Pangeanic wins contract to lead European-wide anonymization project

INEA has awarded Pangeanic's consortium almost €1M to develop a multilingual anonymization toolkit based on AI processing of health, life science, and legal texts for Public Administrations. The MAPA Project (Multilingual Anonymisation toolkit for Public Administrations) will make use of state-of-the-art Natural Language Processing tools to develop the open source toolkit with a focus on the medical and legal domains, deploying it at several Public Administrations in Europe.

"The aim of MAPA is to provide data anonymization so language data can be shared across and between organizations, while protecting private or sensitive data. Implementation cases will focus on de-identifying, obfuscating or pseudo-anonymizing personally identifiable information to prove not matter which language a Public Administration or user deals with, the solution can cope. MAPA will enable PA's to comply with GDPR to a high degree of accuracy and protect an individual’s private details while maintaining the usefulness of the source data." - Manuel Herranz, CEO

The toolkit developed by the MAPA partners (Pangeanic, Tilde, the National French Center for Scientific Research (LIMSI at CNRS), the language resource center ELDA, the University of Malta, R&D transfer center Vicomtech, and Spanish Language Plan Government Office SEAD via the Barcelona Supercomputer Center) will address all EU official languages. The challenge of working with under-resourced languages such as Latvian, Lithuanian, Estonian, Slovenian or Croatian will be tackled by a multilingual NERC approach, to also benefit ultra-under-resourced languages such as Maltese and Irish.

Why Anonymize Data?

GDPR obliges organizations to protect citizens' data so it is not released to 3rd parties (see this video on Pangeanic's anonymization technologies). The MAPA data anonymization toolkit will provide the means to share language data while protecting personal or sensitive data. Being able to release large amounts of anonymized data can help the community to have more training data. On a more practical level, justice departments, health authorities, healthcare companies will be able to provide access to data and manage an anonymization strategy. Most importantly, MAPA will satisfy GDPR requirements at scale. Although no software can guarantee 100% accuracy in anonymization, just as perfect machine translation does not exist (yet), it will make document sharing much easier.

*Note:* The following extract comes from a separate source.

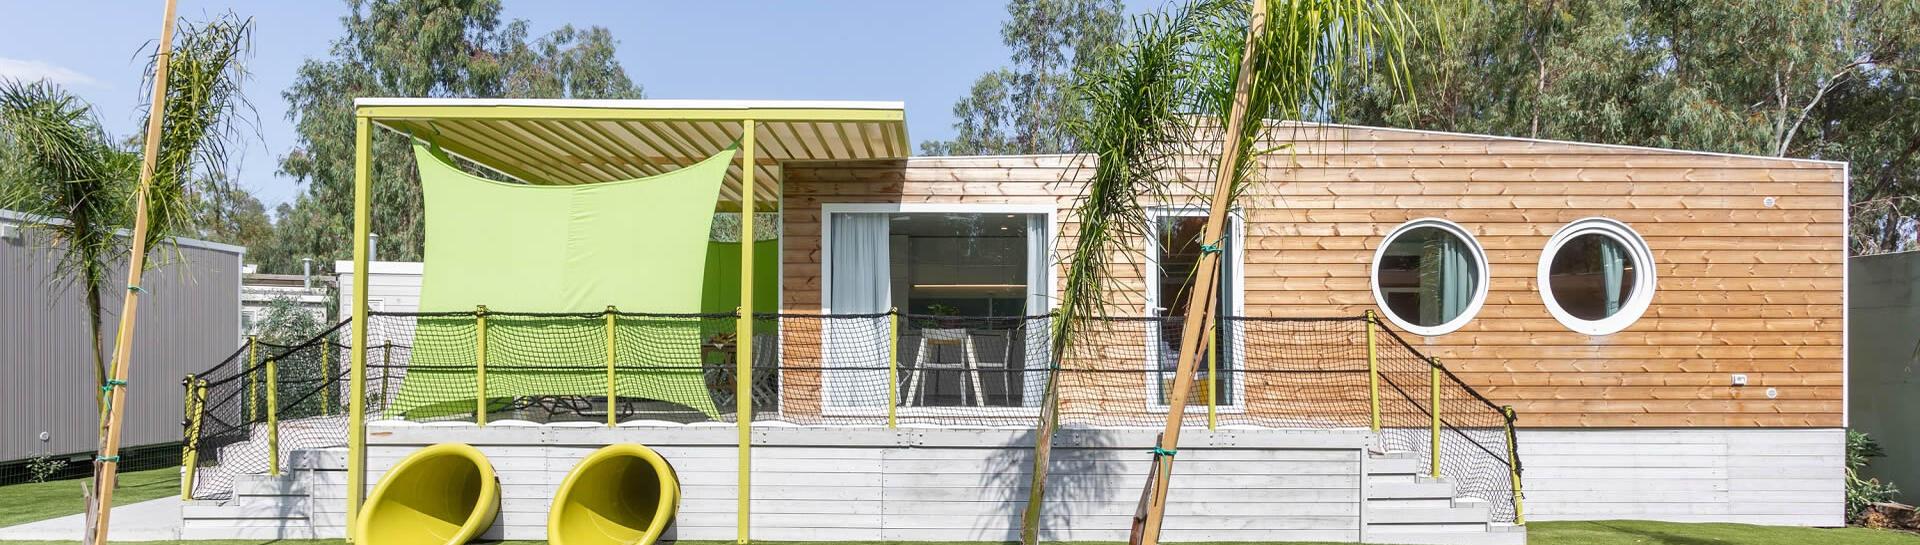 4mori en wonderland-three-room-apartments 011

Technical Approach to Anonymization

At its core, the MAPA anonymisation toolkit will use Named-Entity Recognition and Classification (NERC) techniques using both Deep Learning techniques and neural networks. In addition, thanks to the transfer learning capabilities shown by new types of Deep-Learning models, new systems can be trained using relatively small datasets of manually labelled data. The knowledge acquired for a given domain or language can be transferred and re-used cross-language or cross-domain. MAPA will be trained to detect named entities that involve sensitive information. MAPA will be feature-rich and the NERC approach will be complemented with other configurable mechanisms such as pattern detection based on regular expressions (passport or ID numbers, telephone numbers, street addresses, blood groups, age, sex, marital status, email addresses, bank accounts, etc.) User-definable dictionaries for particular applications will also cater for specific usages of entity names known in advance.

Use cases

MAPA includes several specific deployments/use cases for public institutions at several EU countries: one for the health domain and one for the legal domain. Both domains were selected given their strong anonymization requirements prior to any publication and sharing of the data. In each deployment case, the system will be tailored to the specific needs of the relevant institution.

MAPA is funded by the Connecting Europe Facility (CEF) programme, under grant No A2019/1927065, and will run from January 2020 until December 2021.